⟨
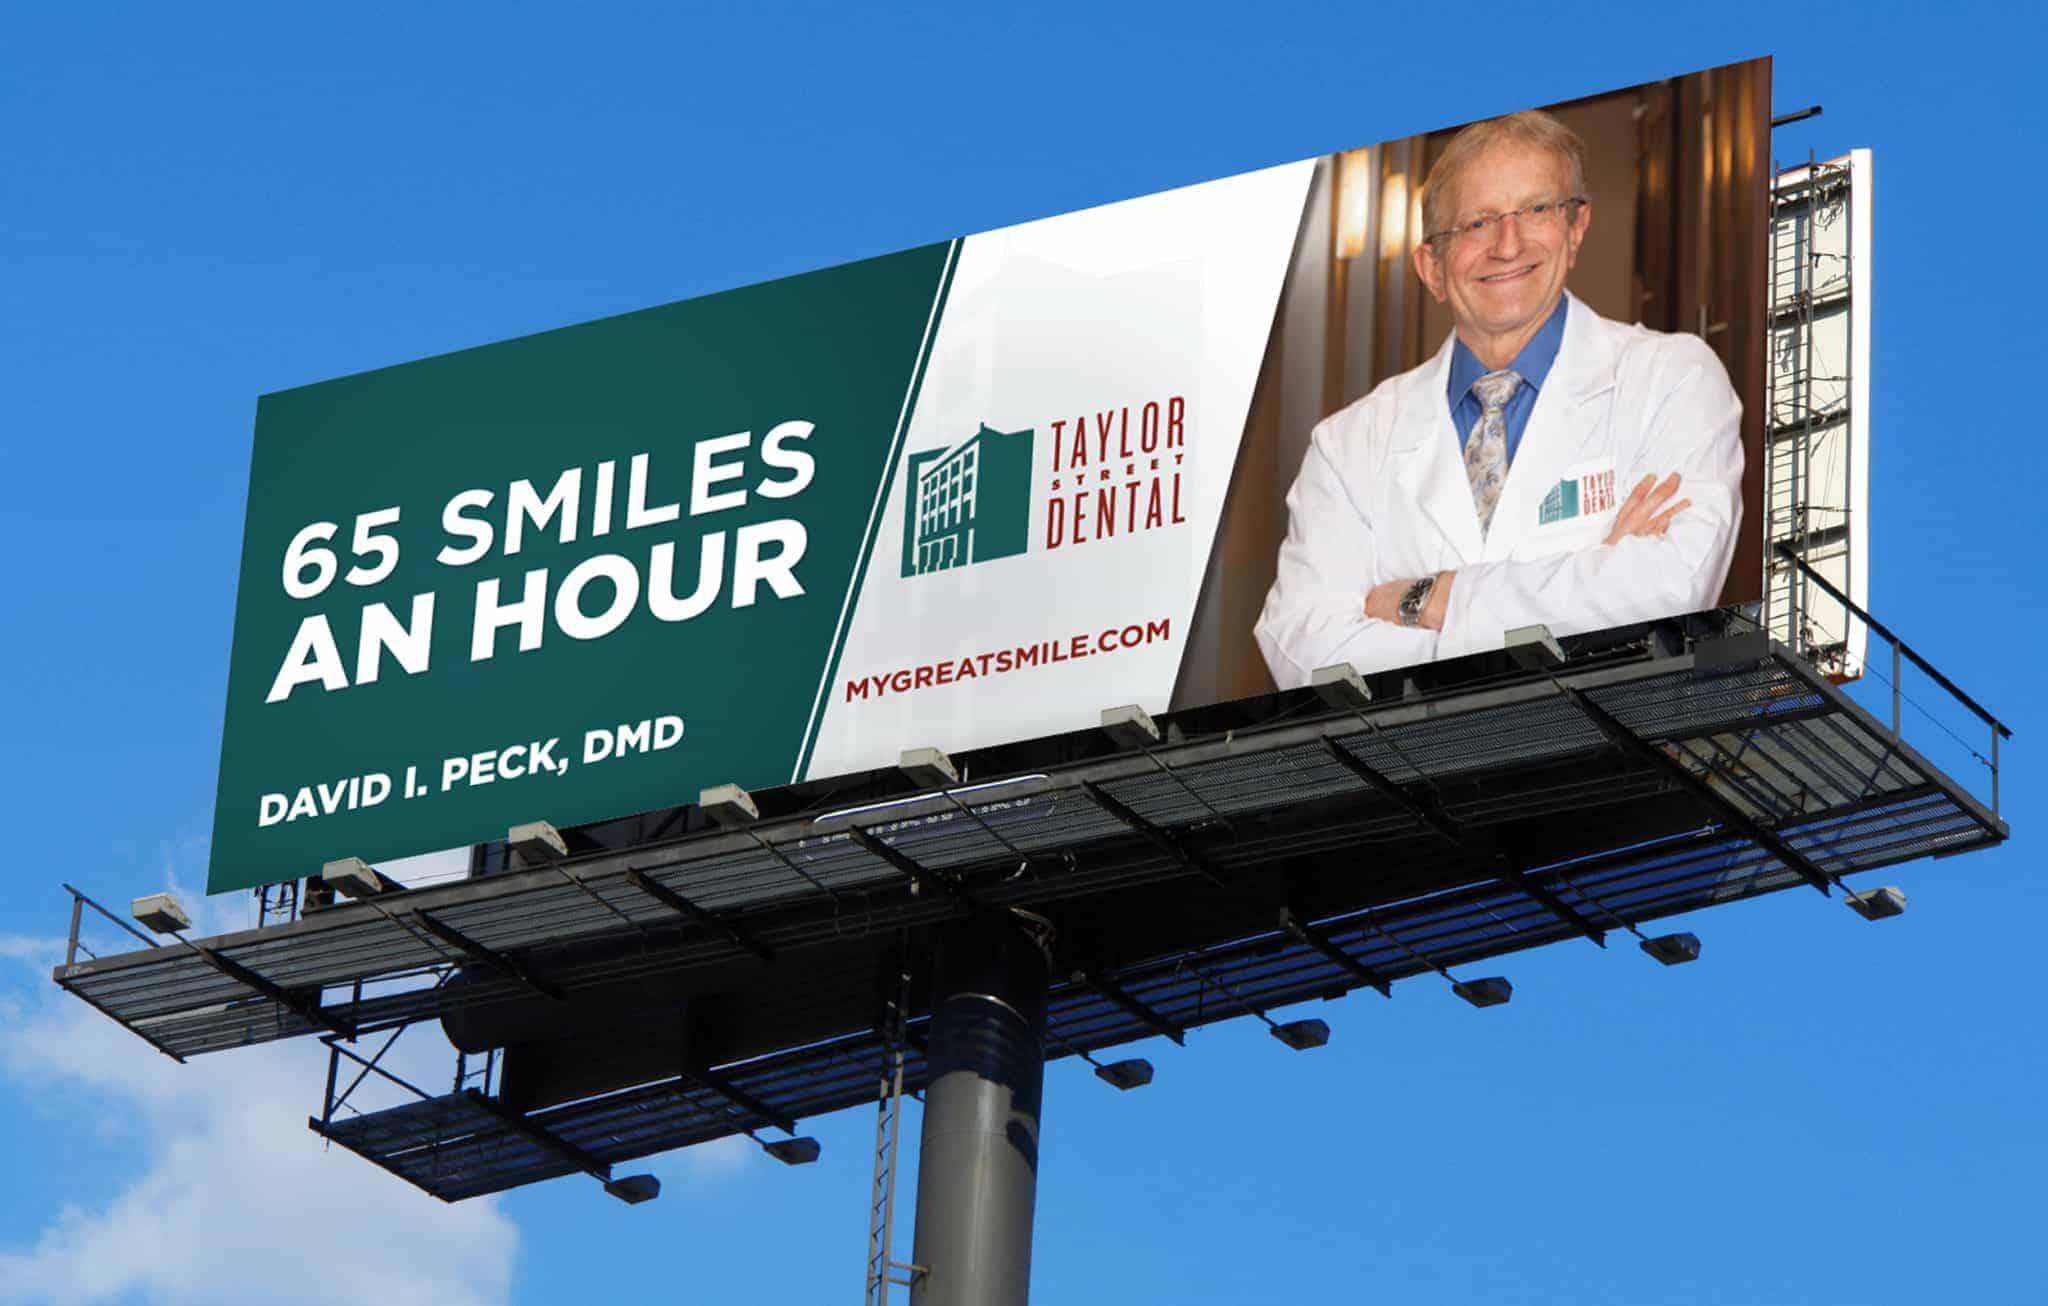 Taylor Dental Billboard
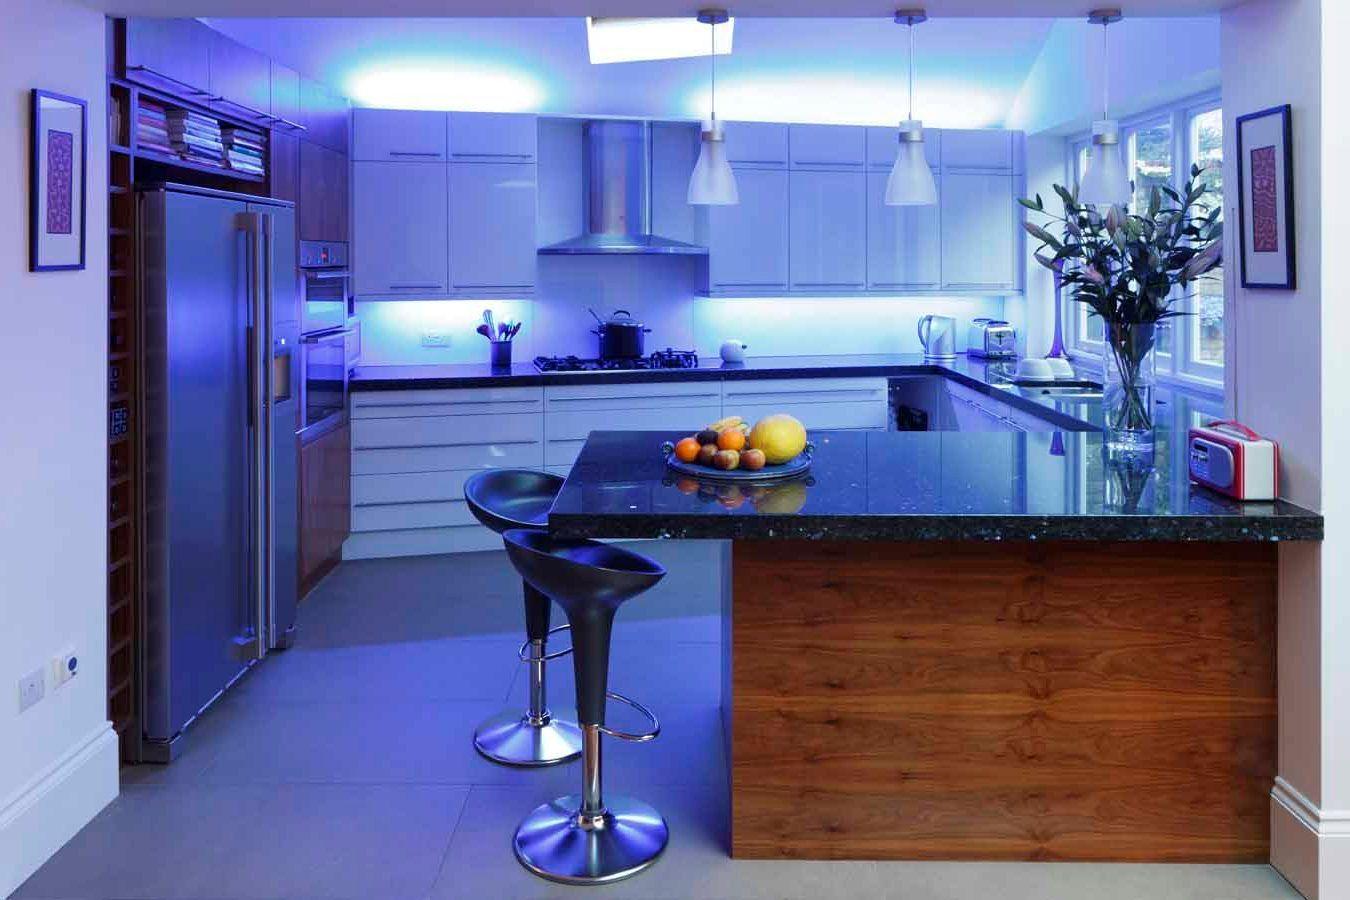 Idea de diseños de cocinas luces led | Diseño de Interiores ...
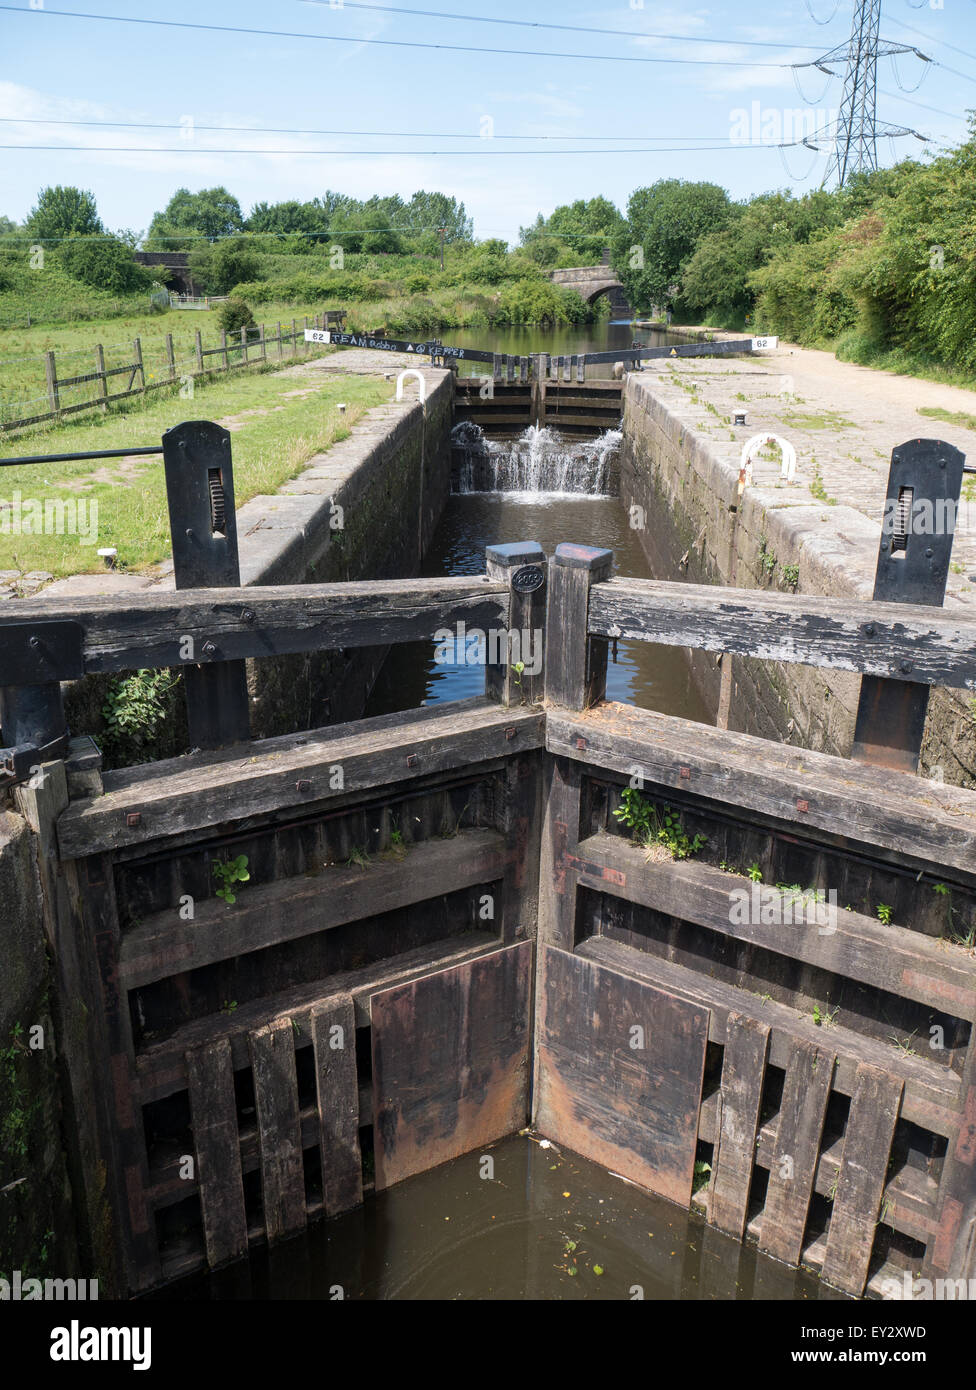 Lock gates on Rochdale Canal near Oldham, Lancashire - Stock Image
⟩
Exercise directions:
Return only what lies between the line containing "Idea de diseños" and the last line of the listing, those two lines included, exactly as written and with no pictures.

Your solution:
 Idea de diseños de cocinas luces led | Diseño de Interiores ...
 Lock gates on Rochdale Canal near Oldham, Lancashire - Stock Image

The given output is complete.